Personal politics in Alberta: the Justice Minister of Alberta has been asked to take leave after CBC reporters revealed he called Edmonton's chief of police in 2021 to discuss that he had been ticketed for distracted driving https://www.cbc.ca/news/canada/calgary/alberta-minister-of-justice-jason-kenney-1.6318678 and anti-vaxer former Calgary mayoral candidate Kevin J. Johnson fled the country for Montana before being arrested by American police and sent back https://www.cbc.ca/news/canada/calgary/kevin-johnston-released-bail-unlawful-at-large-calgary-edmonton-1.6319660 He is also facing jail time in Ontario. 

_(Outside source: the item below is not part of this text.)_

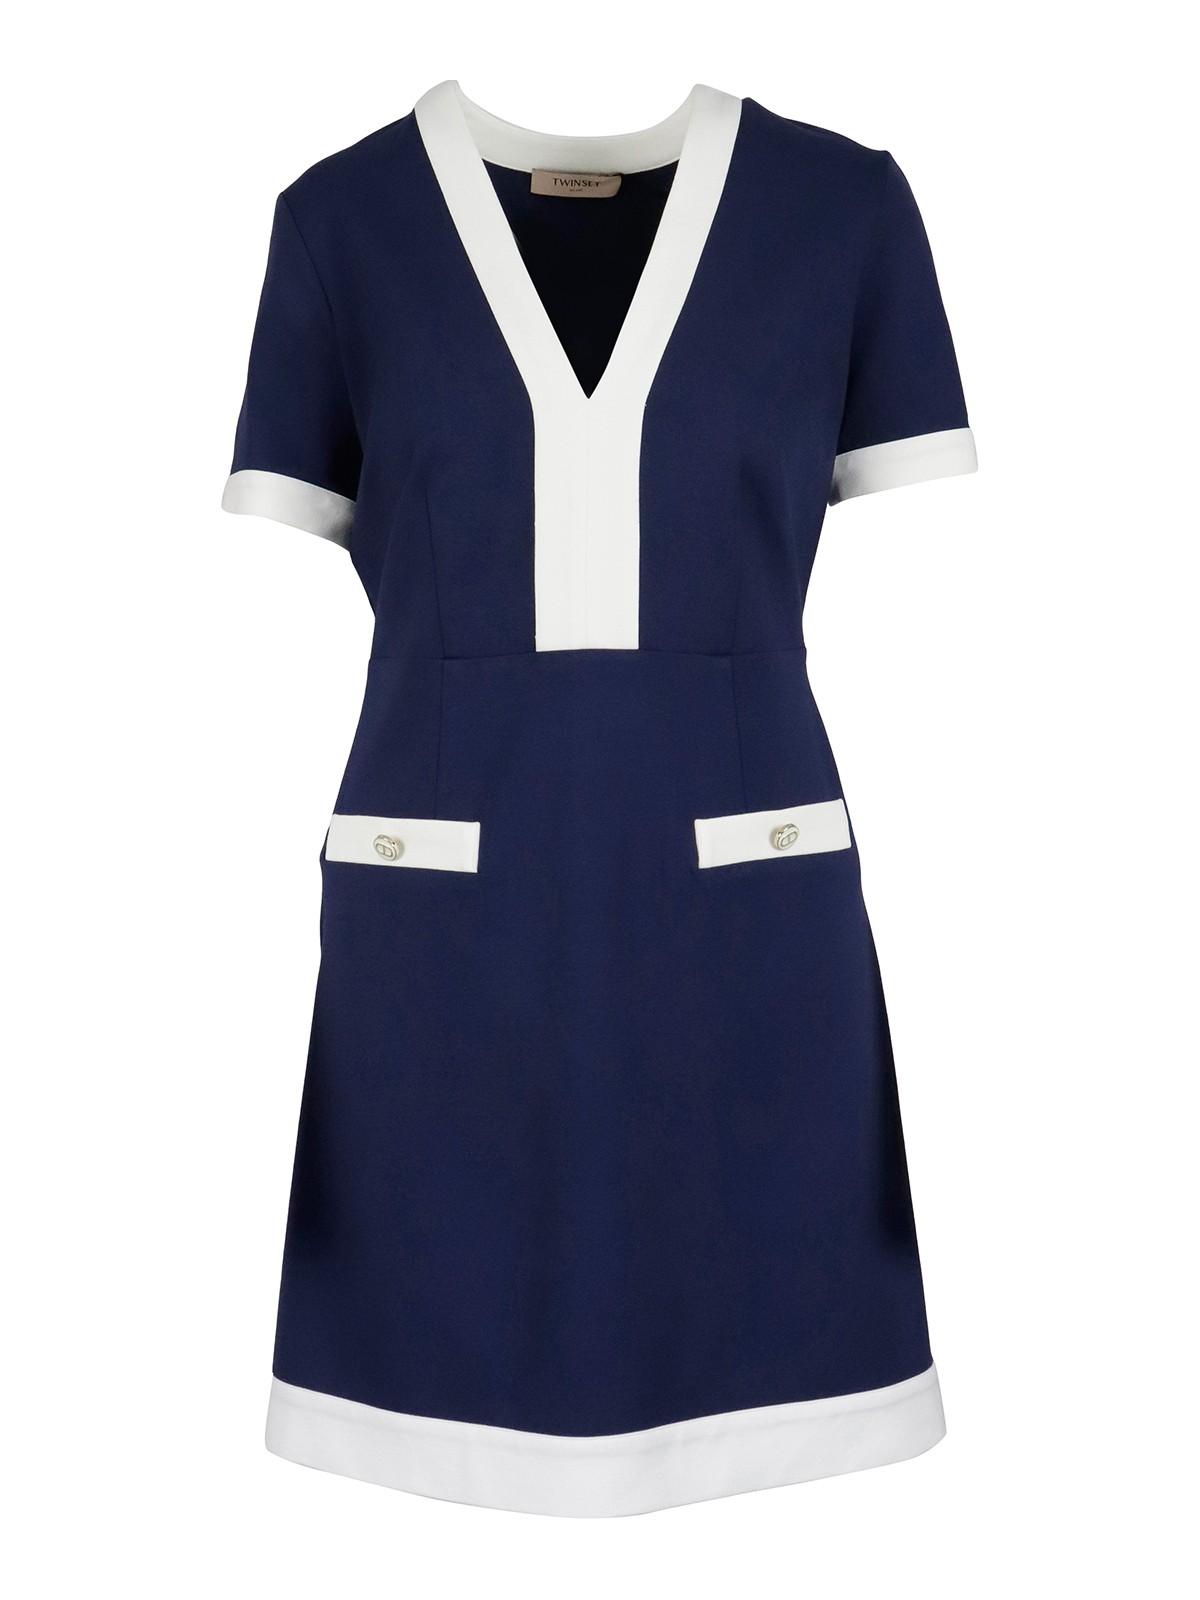 Twinset Dresses VISCOSE BLEND DRESS

The minister, who is black, says he called because he was concerned that he had been racially profiled.

"In the last year, (former mayoral candidate) Johnston has been convicted of hate crimes, three counts of contempt, criminal harassment of an AHS employee and causing a disturbance at a downtown Calgary mall when he refused to wear a mask."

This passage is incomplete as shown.